The first thing closed down here were the local farmers markets.
I agree with Allamanda regarding the storage time and issues, along with my overall discomfort that people are so dependent on having someone else prepare and serve their food, on a very regular basis. The shuttered restaurants, bars, cafes and food carts are such a blaring reminder that people are now preparing more of their own meals as they shelter in place.
I am distraught over others losing their income source, even temporarily, but it seems so bourgeois, selfish and unhealthy that society has moved to such a structure. Is there some contemporary shame in cooking your own food?
I think that a lot of people have discovered that throwing together a salad to go along with the take out food is not the same thing as actually cooking a whole meal from scratch. With any luck at all, some people will have learned a little more about cooking during the shut down.
@Surfpirate but no big rush to join or contribute to "Food Glorious Food"
@FrayedBear If the projected food shortages come to pass we will be swapping recipes for new and inventive ways to prepare SPAM.

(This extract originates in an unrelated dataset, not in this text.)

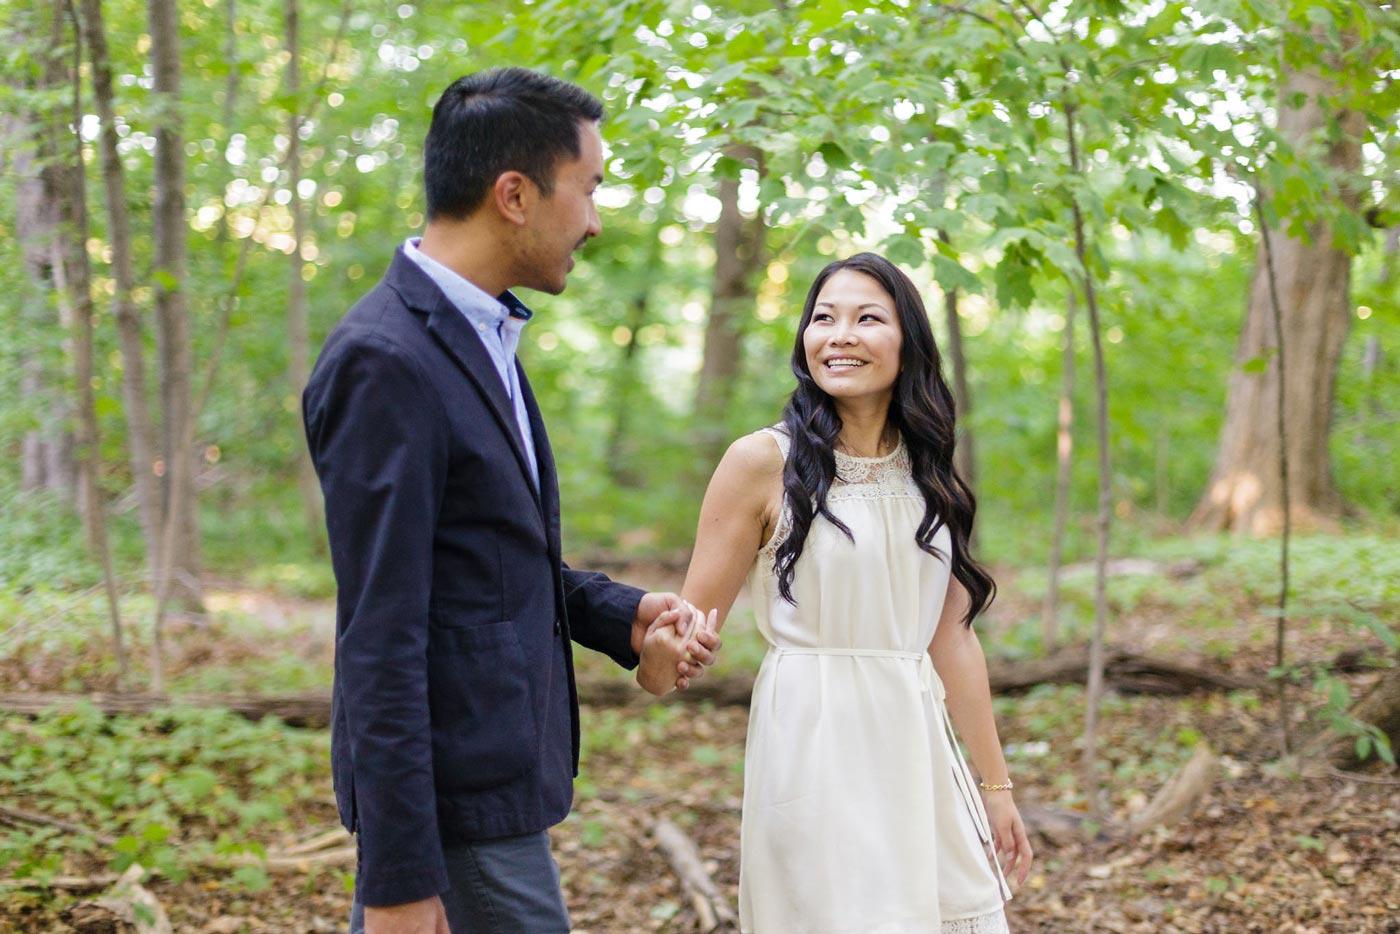 jessicahoang-jaca-engagement-milliken-park-3

@Surfpirate more likely porridge & kelp!
@FrayedBear I don't find that oatmeal fills me up, I'm hungry by 10 am, like a Scottish version of Chinese food. Nori is the closest I get to seaweed but my wife is on this keto diet so I haven't made sushi or sashimi in more than a year.
@Surfpirate During the Scotts clearings many survived on thelong meadow (the seashore) where seaweed became a stabple for survival.
As late as the late 60's the joke about obtaining Scottish labourers was that you only needed to hang a bag of oatmeal & pair of boots on view where they could be seen but not be stolen.
Do you eat yur porridge with sugar or honey and milk & cream? For greater calorifc value cook it with blood added & cooked in at the end.
@FrayedBear My mom's 2nd husband is a Scot from the Orkney Islands, he loves he oatmeal and his neeps but I've never seen him eat seaweed or sushi for that matter. I'm pretty sure they have tons of the stuff wash up on the shore each year but they put it on the fields instead of eating it. Of course they still dig peat by hand to warm the hob even though they are rich on oil revenues but that's a Scot for you, they know the value of a penny.
@Surfpirate it's also known as penny wise pound foolish.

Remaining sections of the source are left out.